→ **Given data**:
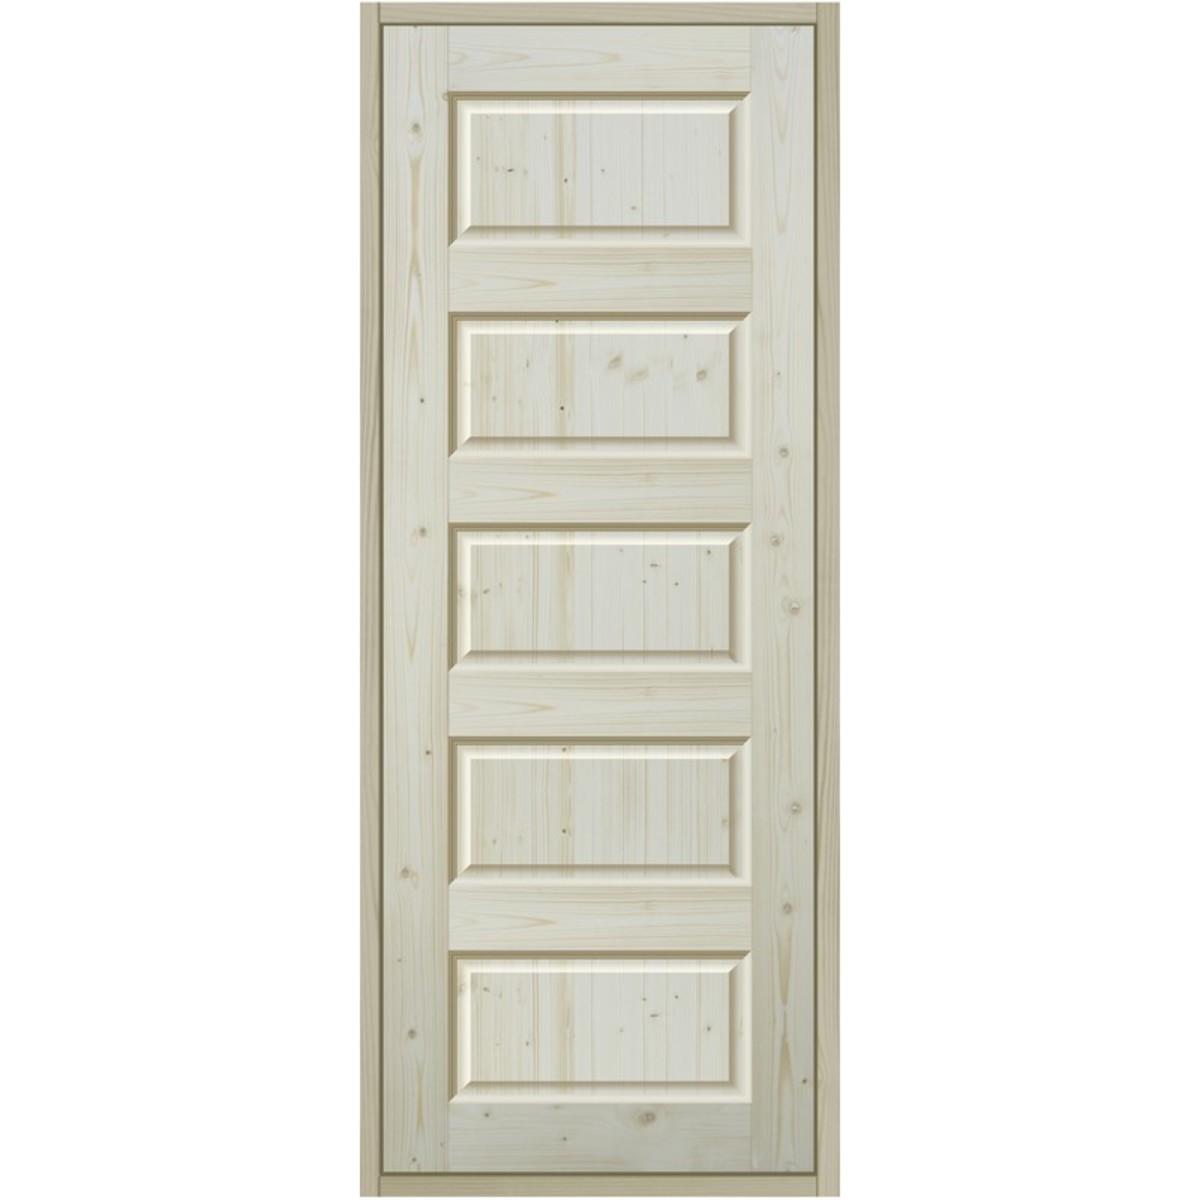 Дверь межкомнатная 80x200 см пятифиленчатый массив хвои цвет натуральный
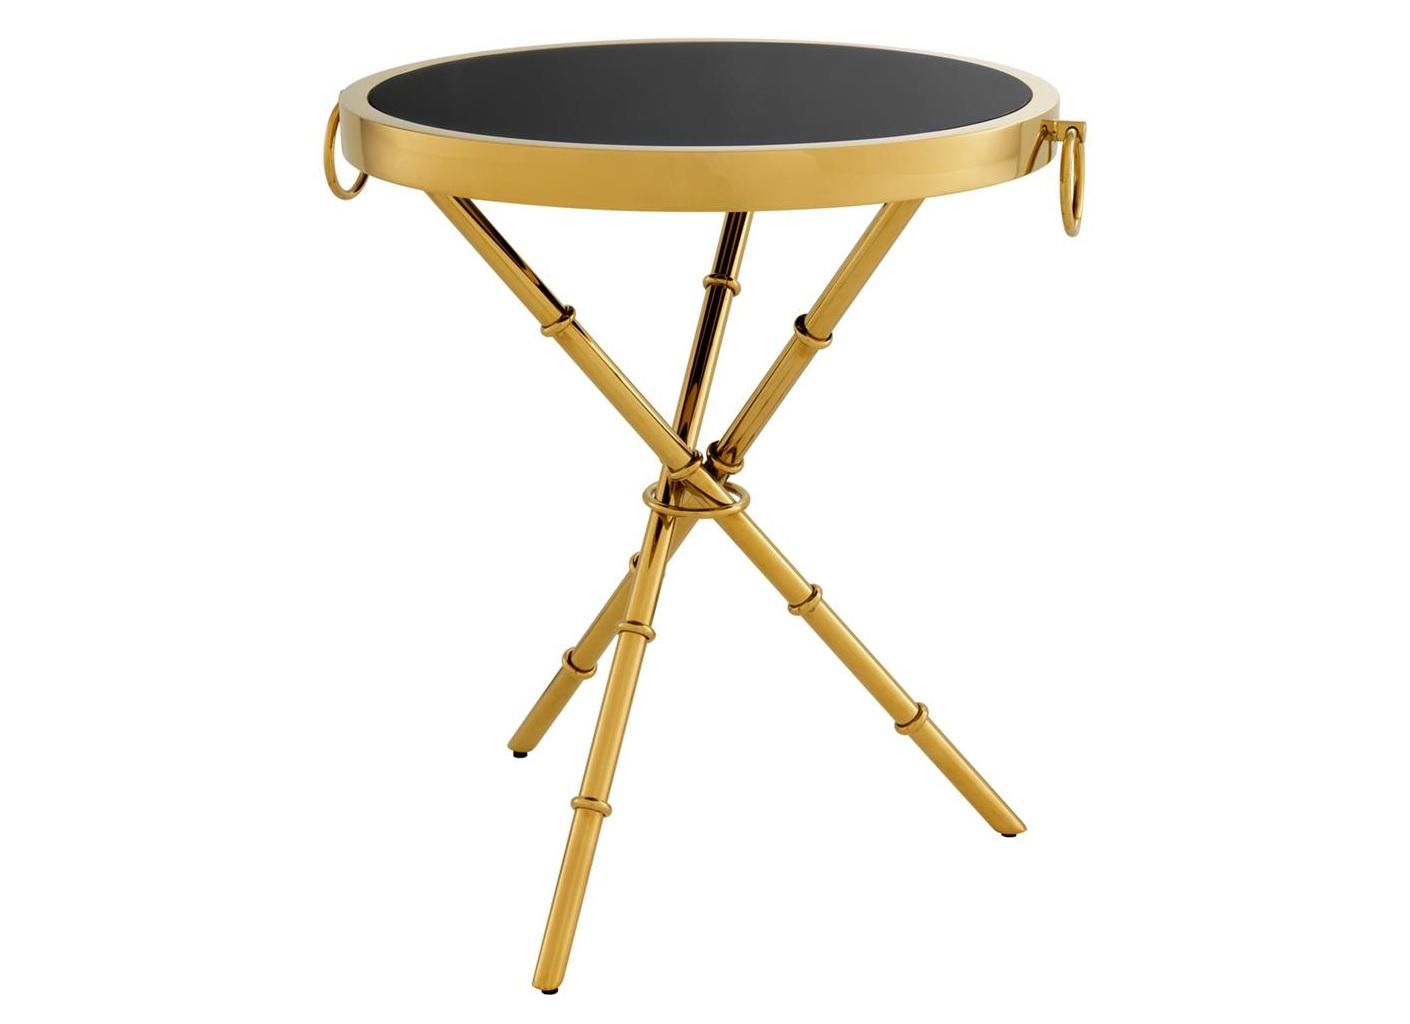 Столик Side Table OmniКофейные столики<br><br><br>Material: Металл<br>Ширина см: 52.0<br>Высота см: 60.0<br>Глубина см: 52.0
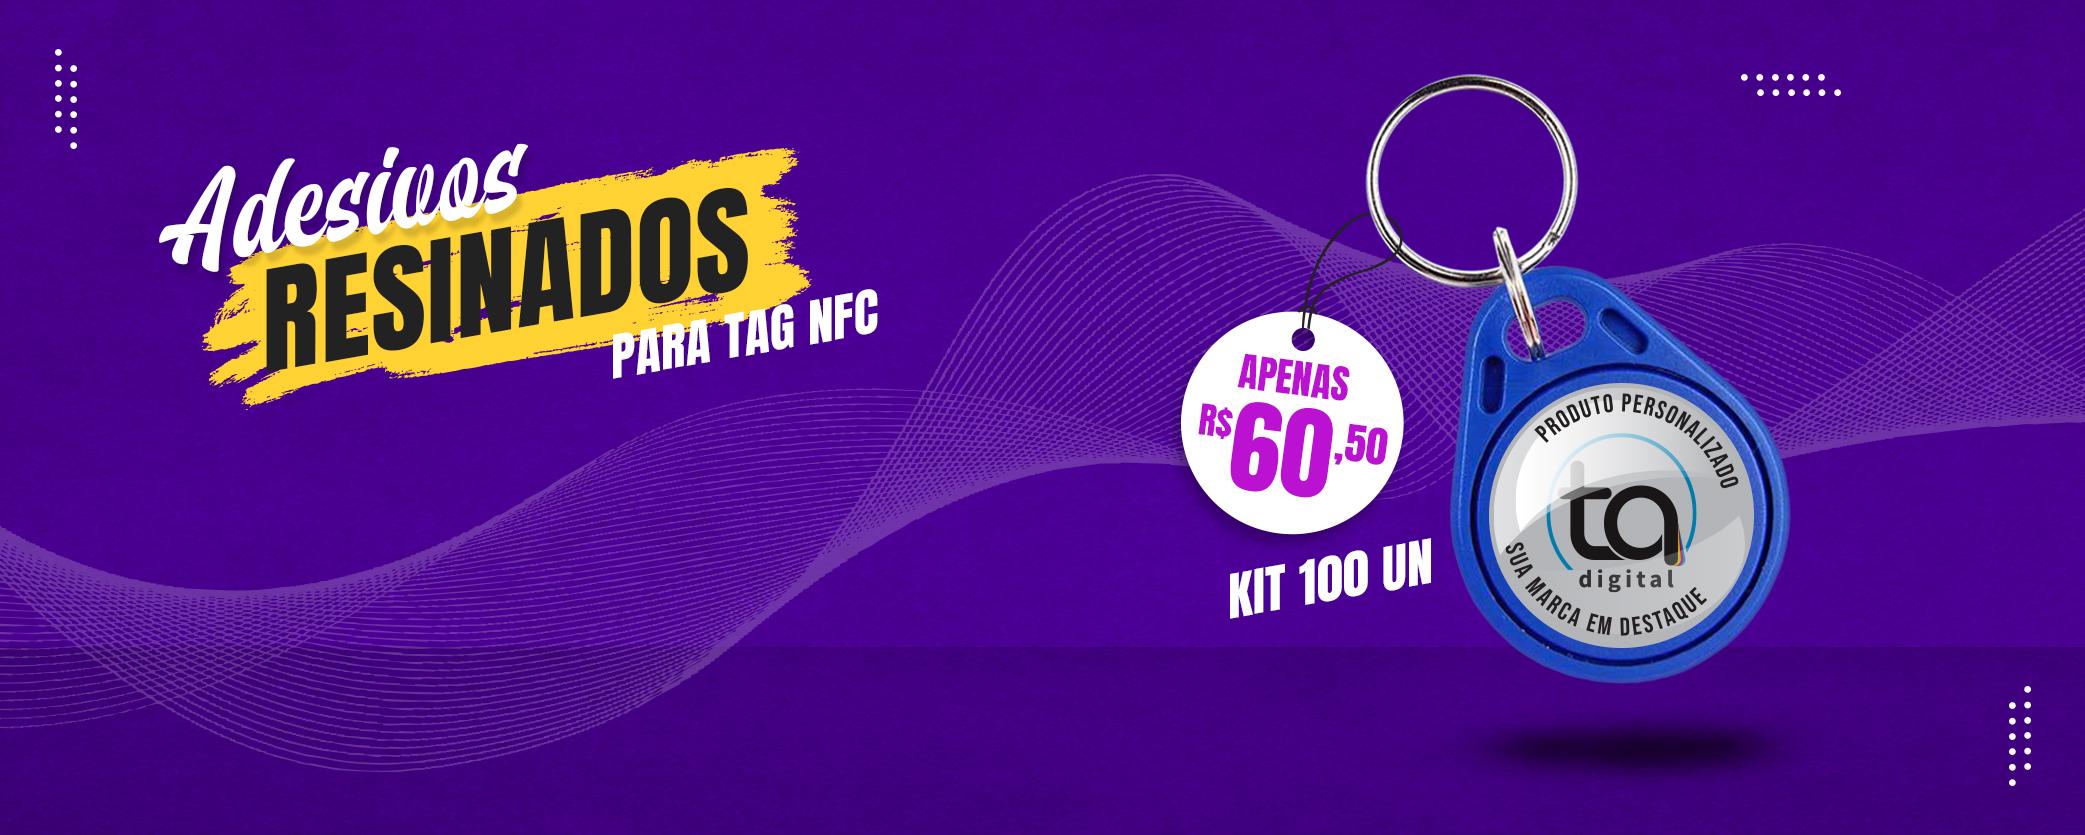 https://tudoartedigital.com.br/produto/adesivos/kit-100-adesivos-resinado-personalizados-para-tags-de-condominio/43
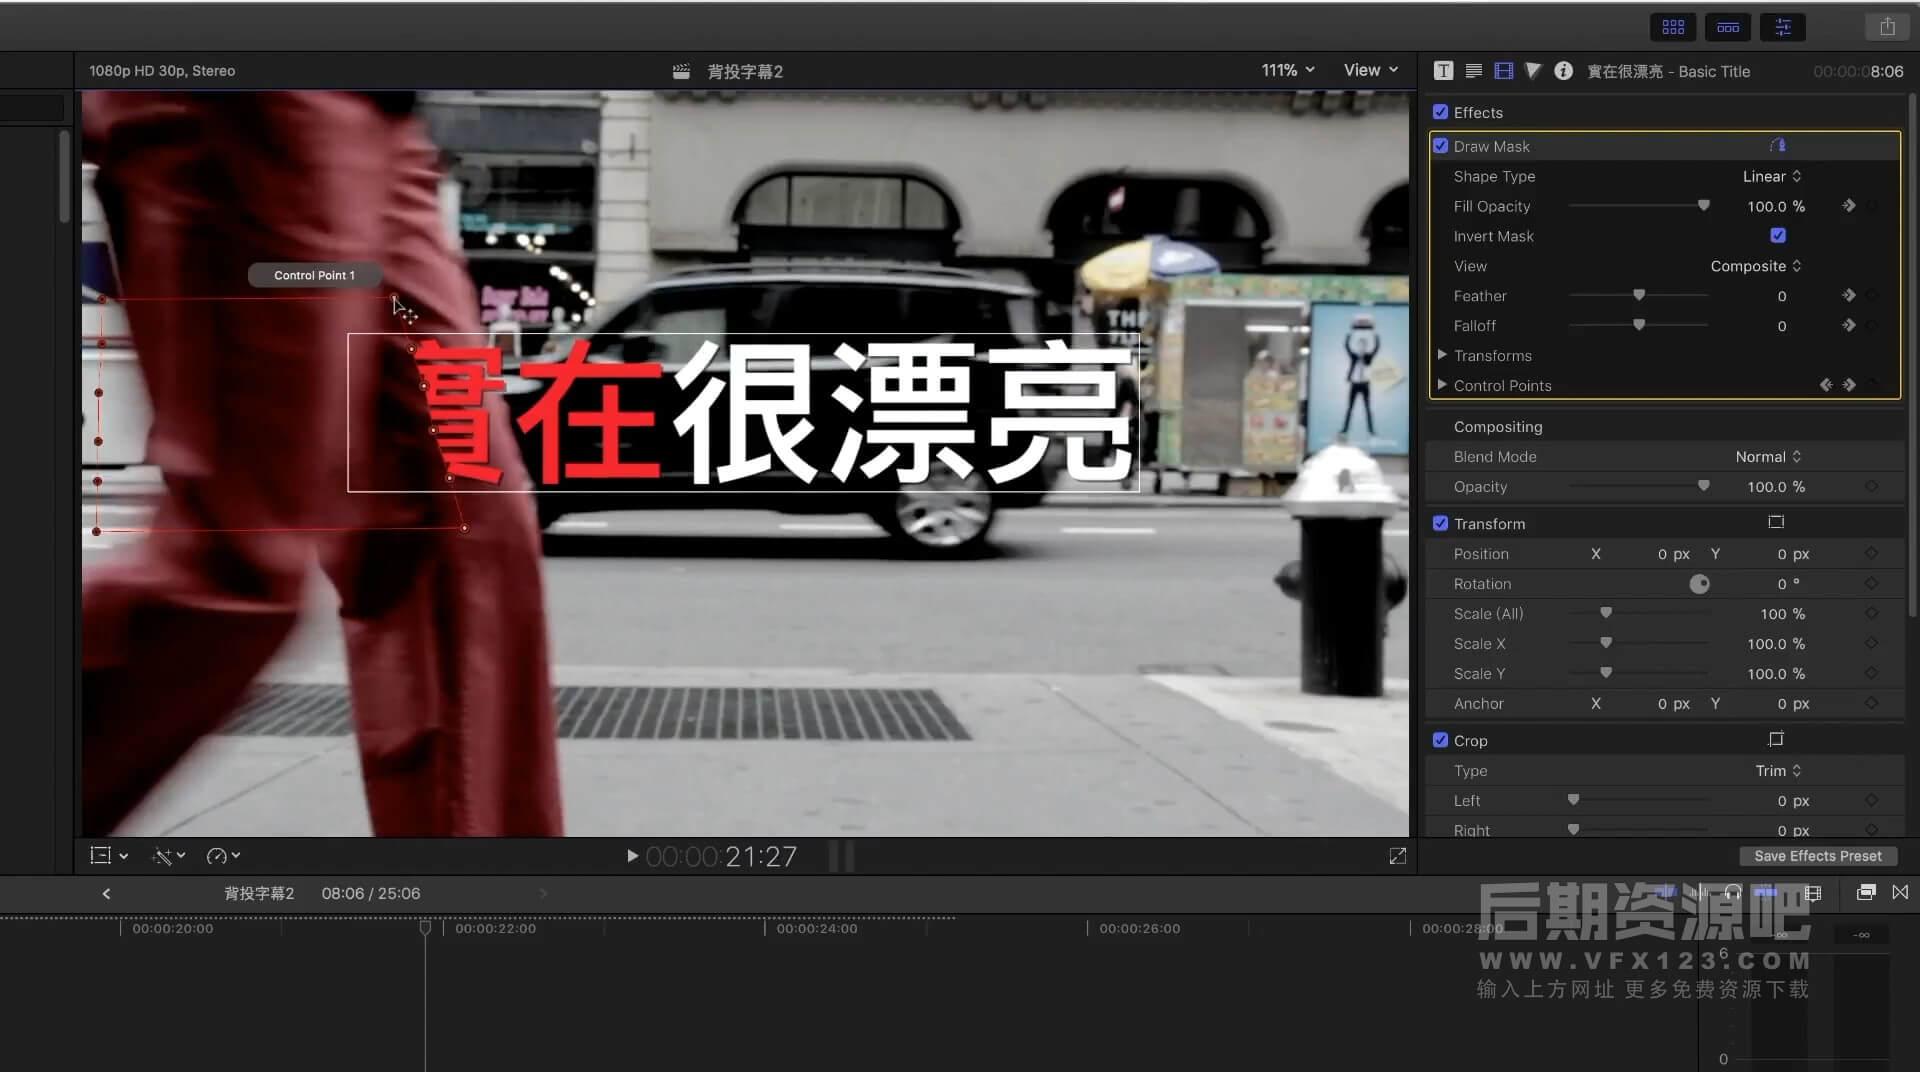 第62课: 如何在fcpx中制作主体前与后的字幕效果

→ **Task**:
Return the material line for line, from its beginning to the line that contains "Столик Side Table", with the pictures left out.

→ **Solution to this task**:
 Дверь межкомнатная 80x200 см пятифиленчатый массив хвои цвет натуральный
 Столик Side Table OmniКофейные столики<br><br><br>Material: Металл<br>Ширина см: 52.0<br>Высота см: 60.0<br>Глубина см: 52.0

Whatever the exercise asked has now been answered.